Senin, 02 Maret 2015
Amang Sakit
Tersedu-sedu, laki-laki di seberang sana berbicara, "Saya sakit... Stroke...."
"Hah? Stroke?" Saya mengulang kata terakhirnya dengan nada bertanya, suara lebih keras dari biasanya.
Saya kaget, jelas. Saya langsung teringat Aba yang belum genap setahun lalu meninggal dunia karena stroke. Tak lama sakitnya, hanya tiga hari saja di rumah sakit. Saya sempat bertemu dengan Aba di hari terakhir hidupnya. Dengan napas tersengal-sengal dan sebuah alat bantu napas, mata tertutup, dan tubuh lemasnya terbaring di tempat tidur. Sedih tiada terkira saya melihatnya.

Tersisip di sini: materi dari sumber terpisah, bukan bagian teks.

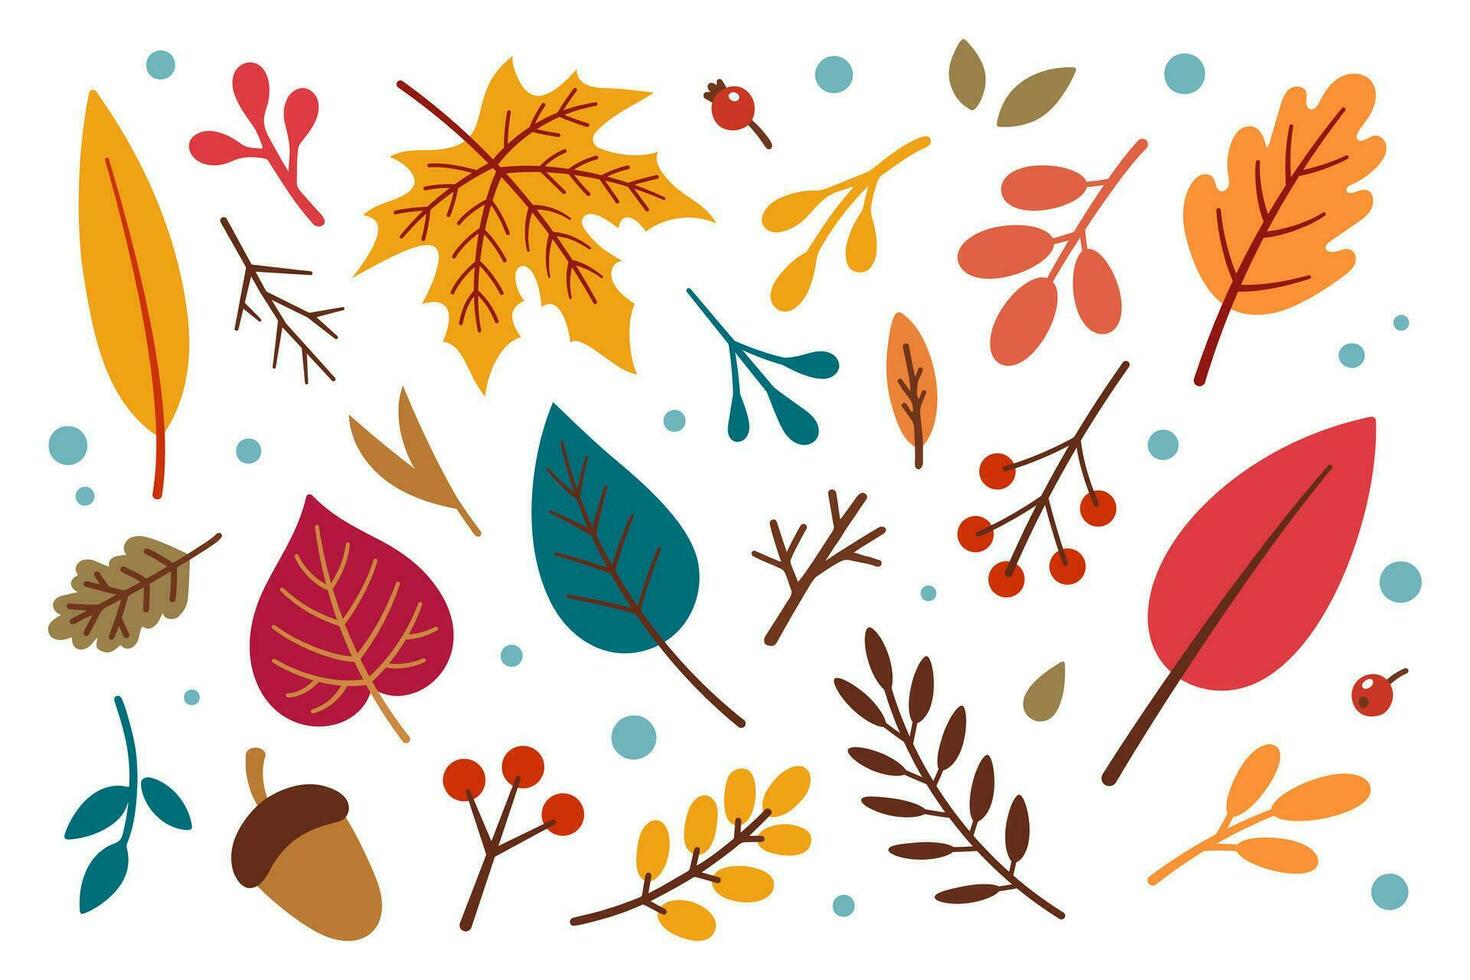 otoño diseño elementos colocar. otoño diseño elementos colocar. vector floral ilustración. otoño hojas recopilación. otoño elementos - bellota, manzana, hojas, bayas. plano diseño, garabatear estilo.

Tapi, ini bukan cerita tentang Abba. Di seberang sana, Amang (mamang, om, paman), yang menelepon saya tadi, Minggu (7/9/2014) pagi, juga mengalami sakit yang sama. Amang kena stroke ringan. Kakinya lemas. Masih bisa berdiri dan berjalan berpegangan, hanya seperti orang mabuk yang rasanya hendak terjatuh selalu.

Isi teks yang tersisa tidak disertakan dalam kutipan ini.